EDITORIAL Columnas Editorial Caricatura editorial

A la ciudadanía| Áreas naturales protegidas: Jimulco

Magdalena Briones Navarro

Se consideran áreas naturales protegidas las porciones de territorio nacional cuyas condiciones ambientales no han sido alteradas de manera importante por la actividad del hombre, que requieren ser preservadas y restauradas, quedando sujetas a leyes y ordenamientos federales, estatales y municipales.

Estas áreas se zonifican en: a) zonas núcleo, b) zonas de amortiguamiento y c) zonas de influencia.

Zona núcleo es la porción protegida mejor conservada que contiene ecosistemas o fenómenos naturales de especial importancia y especies de flora y fauna que requieren protección completa para propósitos científicos o de regulación ambiental.
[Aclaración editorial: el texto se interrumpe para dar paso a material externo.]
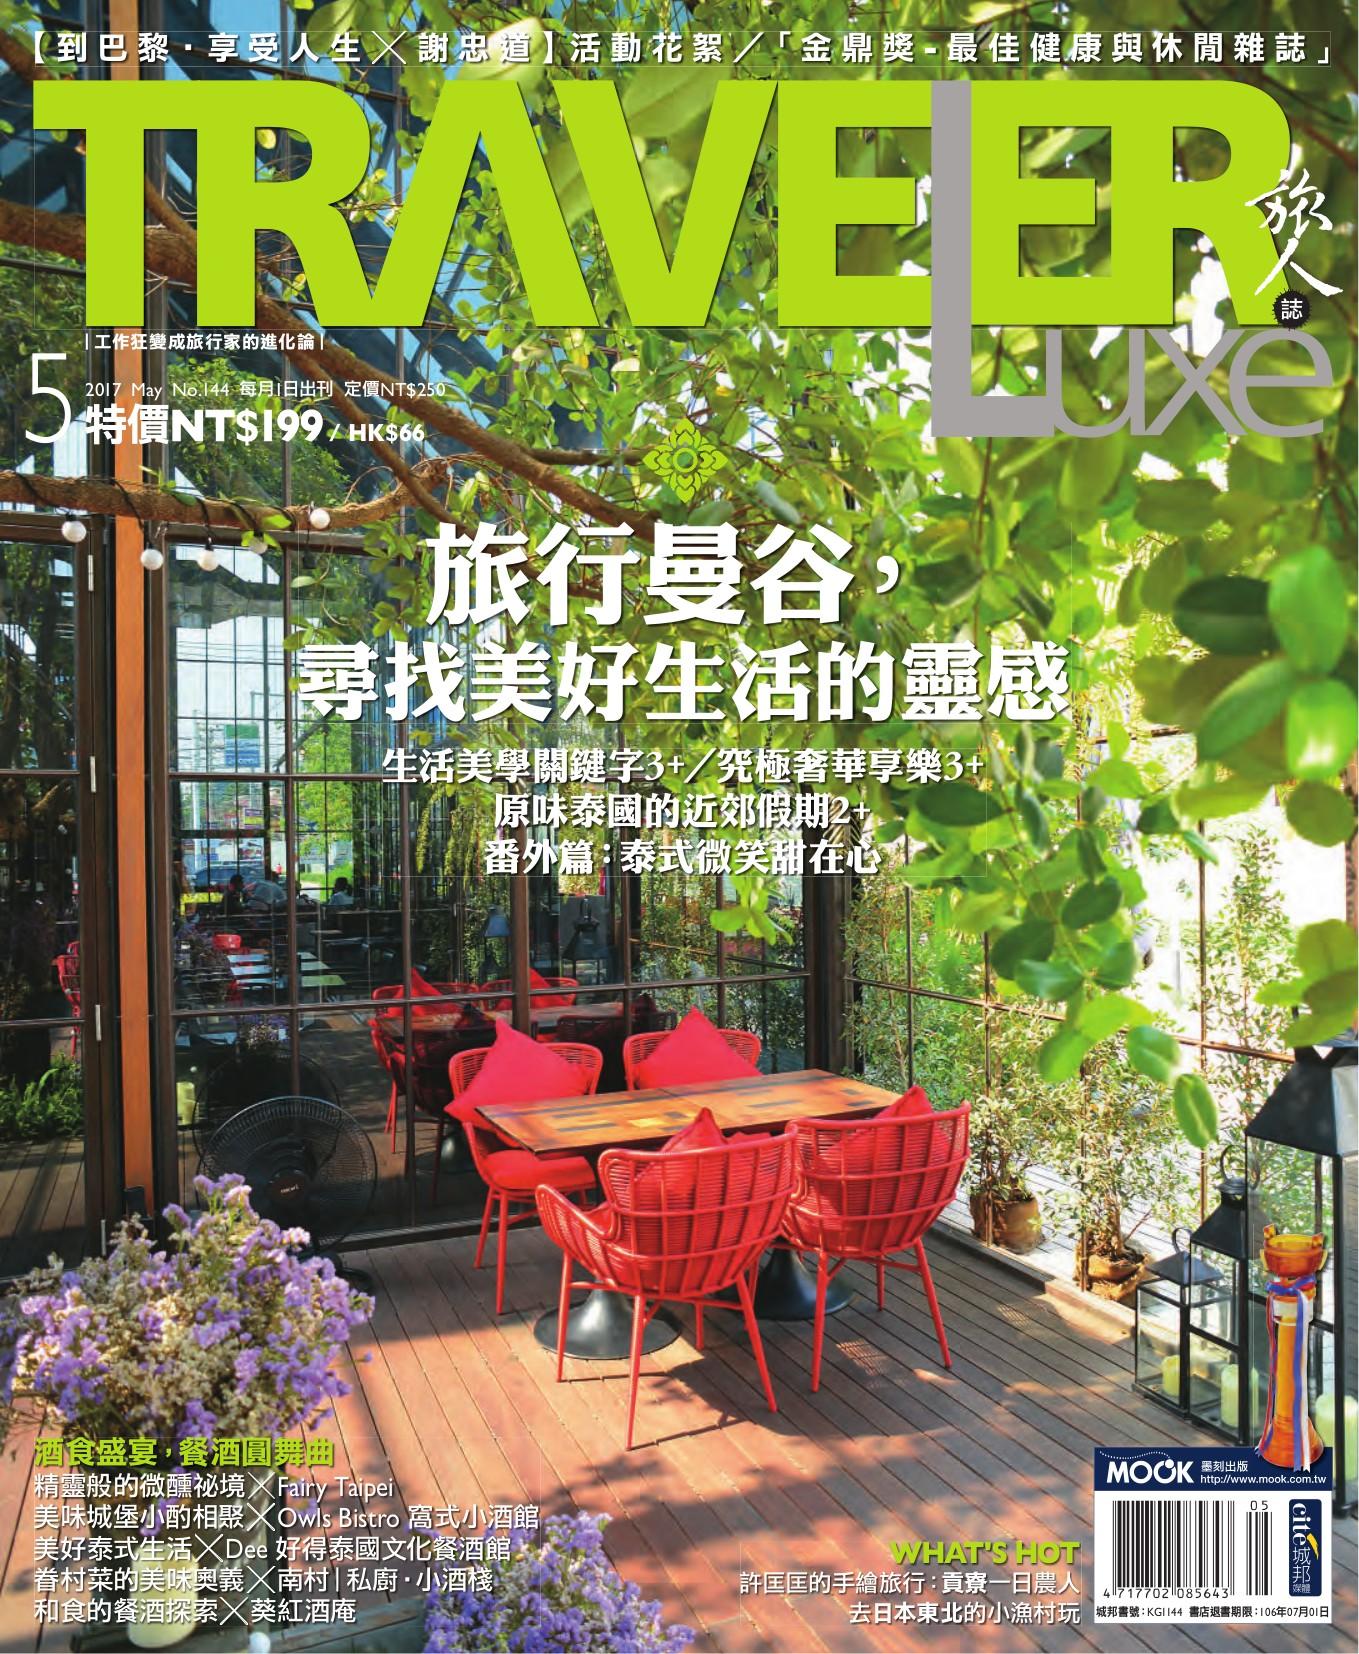 另開新視窗呈現 TRAVELER Luxe 旅人誌 封面

Zona de amortiguamiento es la porción del área natural que protege del exterior a la zona núcleo y que presenta condiciones favorables para las actividades productivas, educativas, recreativas, de investigación aplicada y de capacitación.

Las zonas de influencia se delimitan en el espacio circundante del área natural protegida, para mitigar los efectos que sobre ésta puedan producir modificaciones ambientales de su entorno.

De estas definiciones pueden derivarse objetivos y trabajos necesarios. Los primeros incluyen: preservación de regiones biogeográficas y ecológicas, salvaguarda de biodiversidad genética, aprovechamiento y preservación de los ecosistemas, investigación científica, educación, generación de conocimientos y tecnologías para el aprovechamiento y conservación de los recursos naturales, protección de zonas geológicas, y en lo posible, proporcionar las condiciones para la recreación, el ecoturismo y la generación de servicios ambientales.

La Sierra y Cañón de Jimulco se declaró zona protegida gracias a la intervención multivariada y convergente de ejidatarios, autoridades, universidades, instituciones civiles y ONGs. Se pensará que con tal agregado todo fue viento en popa... ¡Pues no!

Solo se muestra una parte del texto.